In multiview geometry when correspondences among multiple views are unknown the image points can be understood as being unlabeled. This is a common problem in computer vision. We give a novel approach to handle such a situation by regarding unlabeled point configurations as points on the Chow variety $\text{Sym}_m(\mathbb{P}^2)$. For two unlabeled points we design an algorithm that solves the triangulation problem with unknown correspondences. Further the unlabeled multiview variety $\text{Sym}_m(V_A)$ is studied.
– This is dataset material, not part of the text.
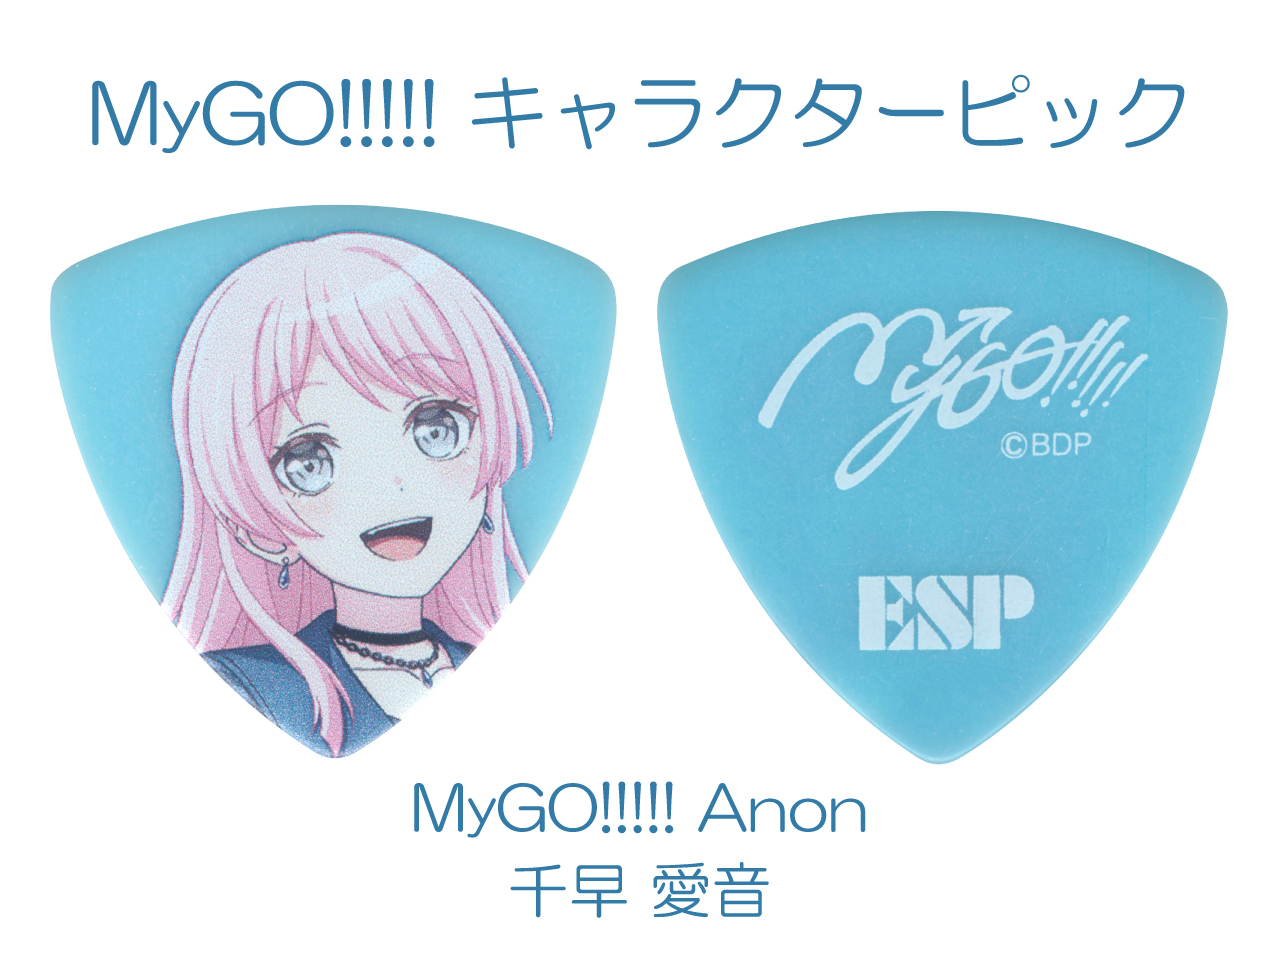 【ESP×BanG Dream!コラボピック】MyGO!!!!! キャラクターピック / MyGO!!!!! Anon (千早 愛音 モデル)
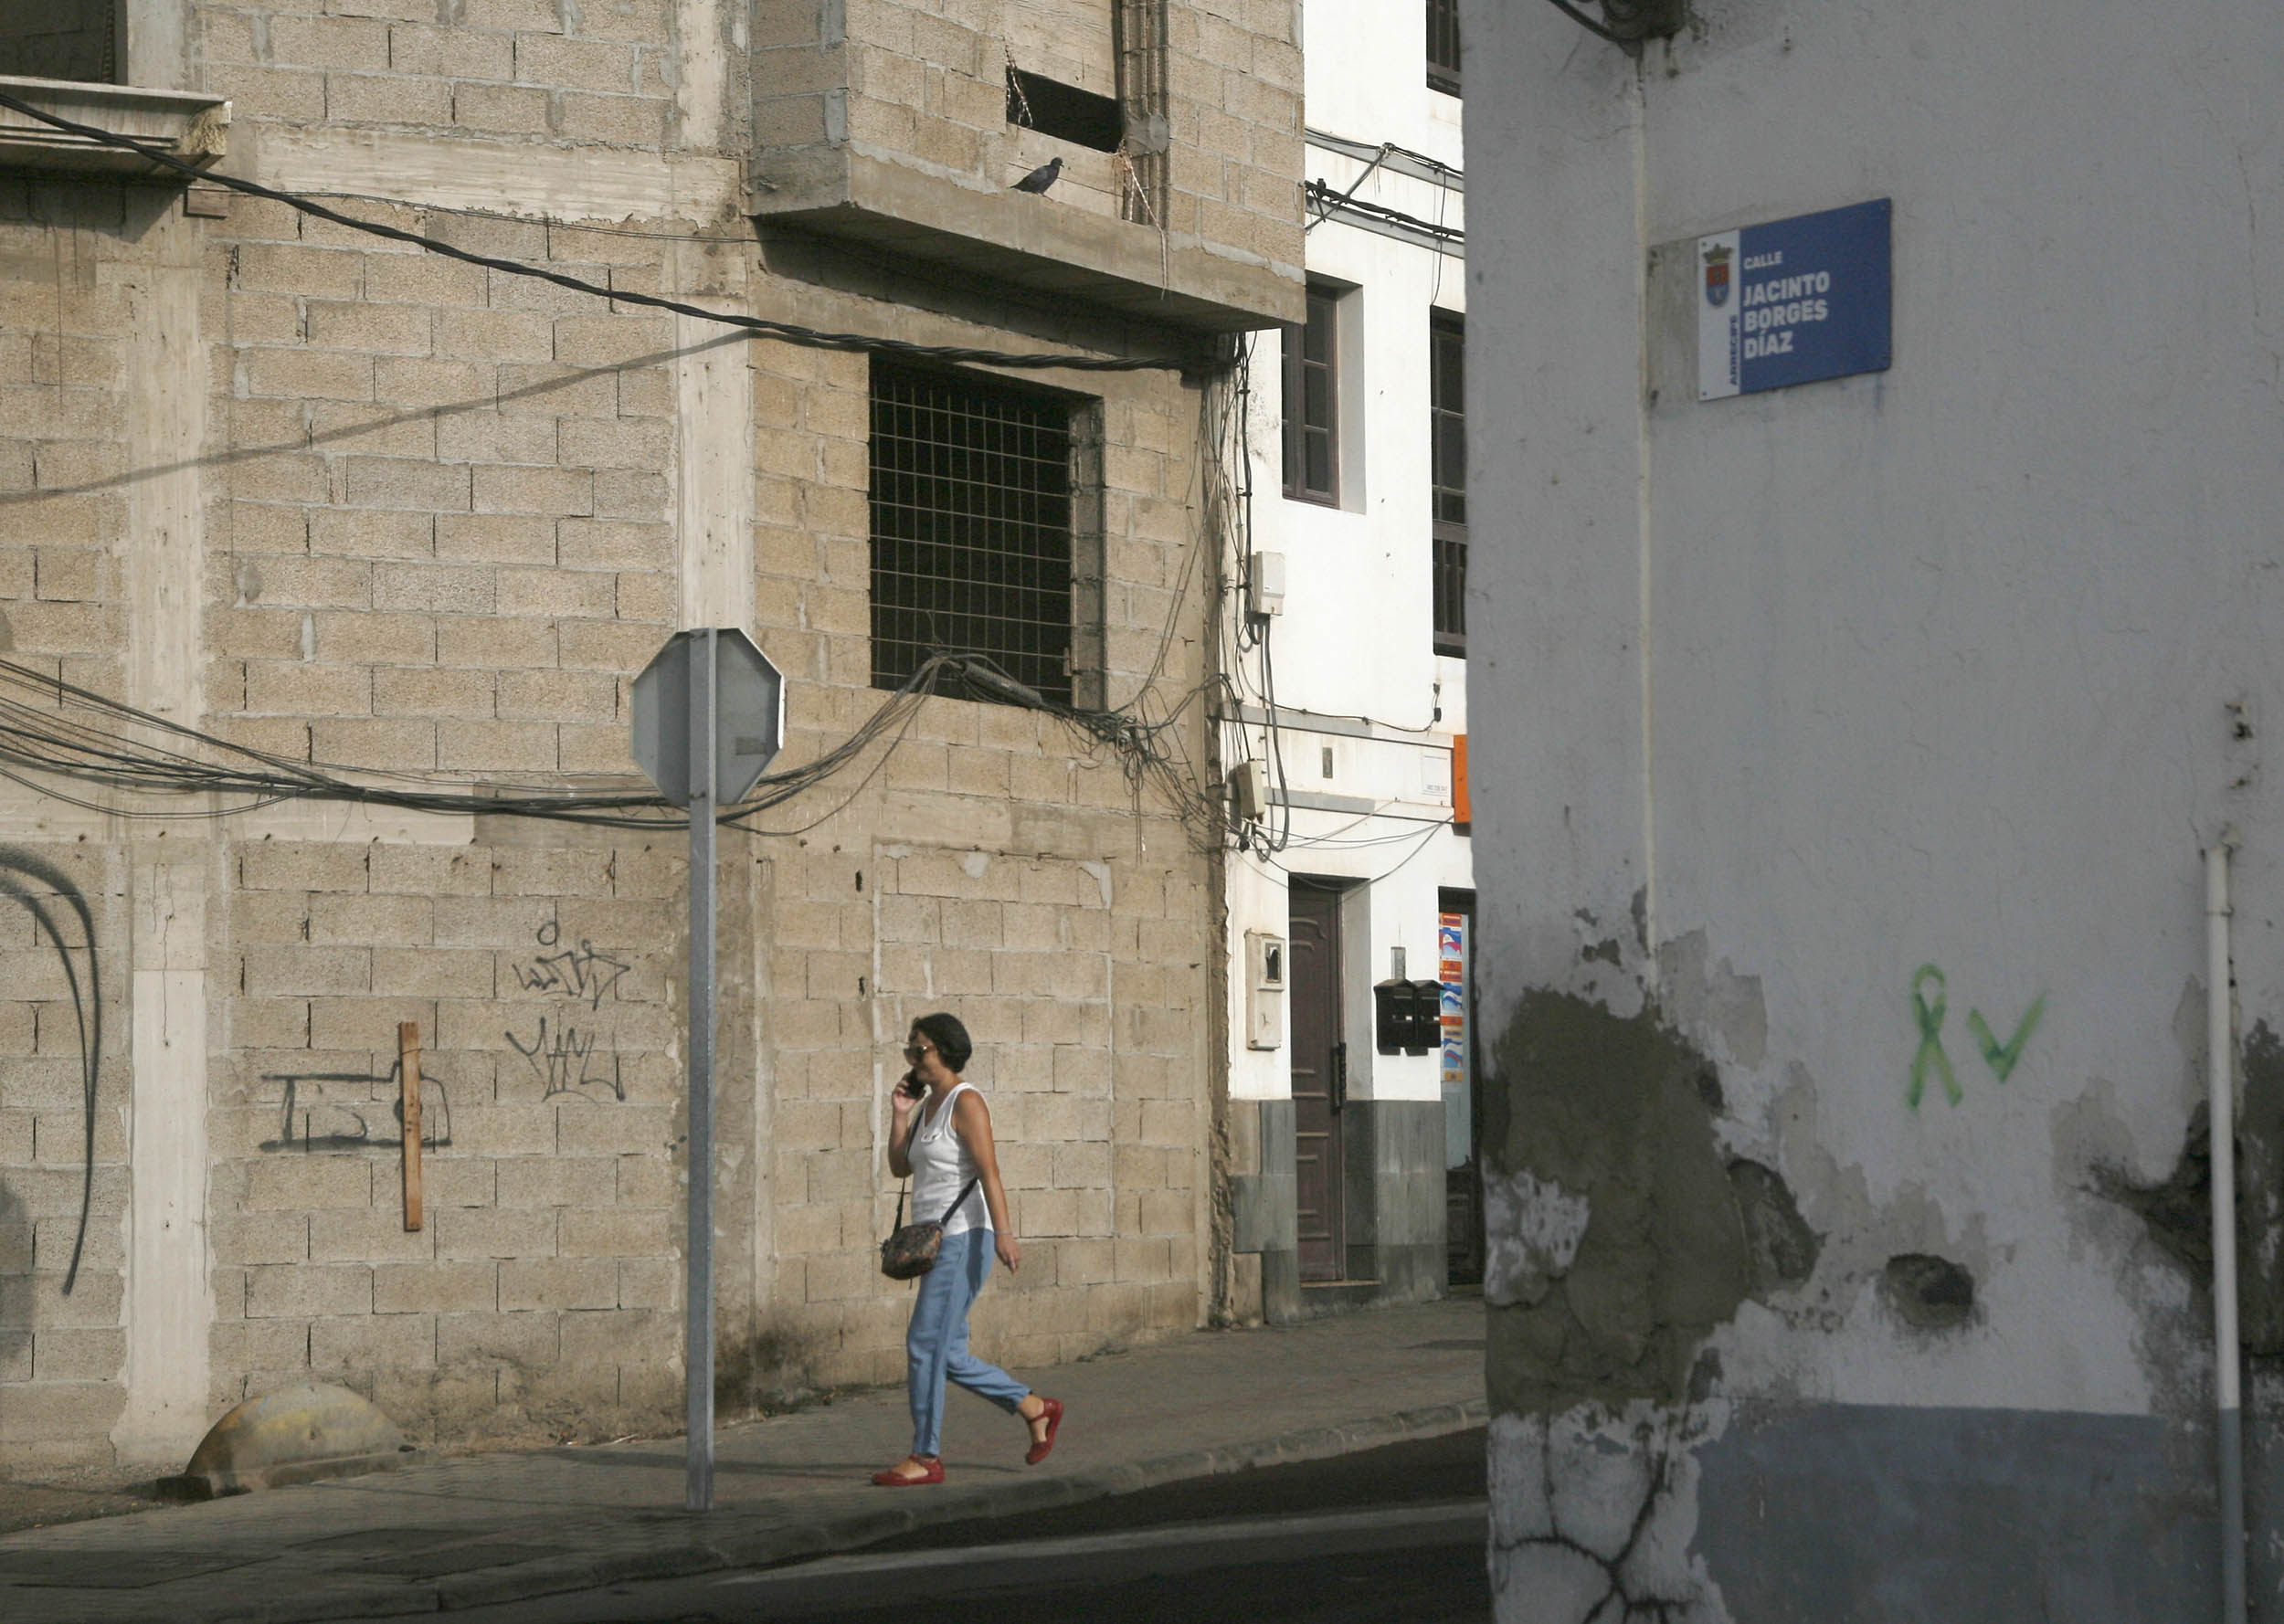 La calle Jacinto Borges, uno de los vestigios franquistas que permanecen en Arrecife. Foto: José Luis Carrasco.

We prove that the 8-point algorithm always fails to reconstruct a unique fundamental matrix $F$ independent on the camera positions, when its input are image point configurations that are perspective projections of the vertices of a combinatorial cube in $\mathbb{R}^3$. We give an algorithm that improves the 7- and 8-point algorithm in such a pathological situation. Additionally we analyze the regions of focal point positions where a reconstruction of $F$ is possible at all, when the world points are the vertices of a combinatorial cube in $\mathbb{R}^3$.
The multiview variety from computer vision is generalized to images by $n$ cameras of points linked by a distance constraint. The resulting five-dimensional variety lives in a product of $2n$ projective planes. We determine defining polynomial equations, and we explore generalizations of this variety to scenarios of interest in applications.